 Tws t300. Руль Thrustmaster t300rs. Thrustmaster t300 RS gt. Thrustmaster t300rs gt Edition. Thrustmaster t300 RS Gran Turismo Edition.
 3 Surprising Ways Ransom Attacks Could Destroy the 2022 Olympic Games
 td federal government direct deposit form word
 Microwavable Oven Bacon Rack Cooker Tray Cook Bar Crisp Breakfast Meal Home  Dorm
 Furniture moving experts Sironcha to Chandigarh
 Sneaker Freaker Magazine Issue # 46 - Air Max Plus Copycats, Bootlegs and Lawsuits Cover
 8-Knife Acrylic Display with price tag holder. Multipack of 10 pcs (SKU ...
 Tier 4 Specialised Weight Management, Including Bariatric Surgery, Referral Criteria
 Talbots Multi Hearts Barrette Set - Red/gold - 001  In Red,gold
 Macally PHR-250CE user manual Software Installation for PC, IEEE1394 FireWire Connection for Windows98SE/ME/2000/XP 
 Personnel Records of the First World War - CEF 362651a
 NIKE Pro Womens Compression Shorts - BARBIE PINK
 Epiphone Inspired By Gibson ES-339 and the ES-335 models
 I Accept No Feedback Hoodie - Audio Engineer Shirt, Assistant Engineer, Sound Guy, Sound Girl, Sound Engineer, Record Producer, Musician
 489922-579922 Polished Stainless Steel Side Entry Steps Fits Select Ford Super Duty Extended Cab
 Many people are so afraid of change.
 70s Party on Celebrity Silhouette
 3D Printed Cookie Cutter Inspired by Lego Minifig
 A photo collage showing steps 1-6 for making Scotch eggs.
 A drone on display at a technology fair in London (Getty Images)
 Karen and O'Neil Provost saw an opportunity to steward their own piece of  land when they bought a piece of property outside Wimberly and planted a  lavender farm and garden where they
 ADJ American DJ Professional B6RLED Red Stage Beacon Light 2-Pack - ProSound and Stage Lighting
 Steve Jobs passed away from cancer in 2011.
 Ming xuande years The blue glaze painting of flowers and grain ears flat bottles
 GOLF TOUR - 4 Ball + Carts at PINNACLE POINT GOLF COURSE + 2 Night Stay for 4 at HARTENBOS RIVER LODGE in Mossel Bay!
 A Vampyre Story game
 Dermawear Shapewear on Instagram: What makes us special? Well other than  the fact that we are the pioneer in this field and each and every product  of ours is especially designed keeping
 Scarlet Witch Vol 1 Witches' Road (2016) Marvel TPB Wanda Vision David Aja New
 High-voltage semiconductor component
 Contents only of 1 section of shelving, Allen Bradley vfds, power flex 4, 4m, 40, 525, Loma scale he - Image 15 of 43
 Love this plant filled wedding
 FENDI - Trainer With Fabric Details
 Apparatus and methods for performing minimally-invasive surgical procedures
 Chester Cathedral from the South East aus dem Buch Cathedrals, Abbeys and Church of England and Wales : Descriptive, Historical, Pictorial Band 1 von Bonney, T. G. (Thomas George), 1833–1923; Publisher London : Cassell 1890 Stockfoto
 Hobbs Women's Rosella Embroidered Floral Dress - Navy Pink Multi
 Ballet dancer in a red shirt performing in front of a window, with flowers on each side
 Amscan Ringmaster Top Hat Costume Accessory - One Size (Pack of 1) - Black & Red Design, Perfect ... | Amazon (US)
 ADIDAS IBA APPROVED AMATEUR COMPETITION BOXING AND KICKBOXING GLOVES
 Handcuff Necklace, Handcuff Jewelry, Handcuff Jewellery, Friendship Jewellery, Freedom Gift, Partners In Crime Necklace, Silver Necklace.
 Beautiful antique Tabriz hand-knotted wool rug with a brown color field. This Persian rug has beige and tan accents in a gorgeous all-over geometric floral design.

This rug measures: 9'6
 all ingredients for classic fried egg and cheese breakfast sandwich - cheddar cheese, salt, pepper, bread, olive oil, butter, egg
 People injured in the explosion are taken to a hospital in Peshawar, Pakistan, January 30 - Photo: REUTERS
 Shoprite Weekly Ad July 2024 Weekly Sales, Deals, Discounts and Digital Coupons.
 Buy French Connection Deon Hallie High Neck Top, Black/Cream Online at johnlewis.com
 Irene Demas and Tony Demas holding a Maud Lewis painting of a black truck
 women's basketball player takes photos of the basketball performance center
= = =
» ABOUT THIS EXERCISE: Everything from the line with "Beautiful antique Tabriz" through the last line of the data above, please return word for word, and no other line.

» RESPONSE:
 Beautiful antique Tabriz hand-knotted wool rug with a brown color field. This Persian rug has beige and tan accents in a gorgeous all-over geometric floral design.

This rug measures: 9'6
 all ingredients for classic fried egg and cheese breakfast sandwich - cheddar cheese, salt, pepper, bread, olive oil, butter, egg
 People injured in the explosion are taken to a hospital in Peshawar, Pakistan, January 30 - Photo: REUTERS
 Shoprite Weekly Ad July 2024 Weekly Sales, Deals, Discounts and Digital Coupons.
 Buy French Connection Deon Hallie High Neck Top, Black/Cream Online at johnlewis.com
 Irene Demas and Tony Demas holding a Maud Lewis painting of a black truck
 women's basketball player takes photos of the basketball performance center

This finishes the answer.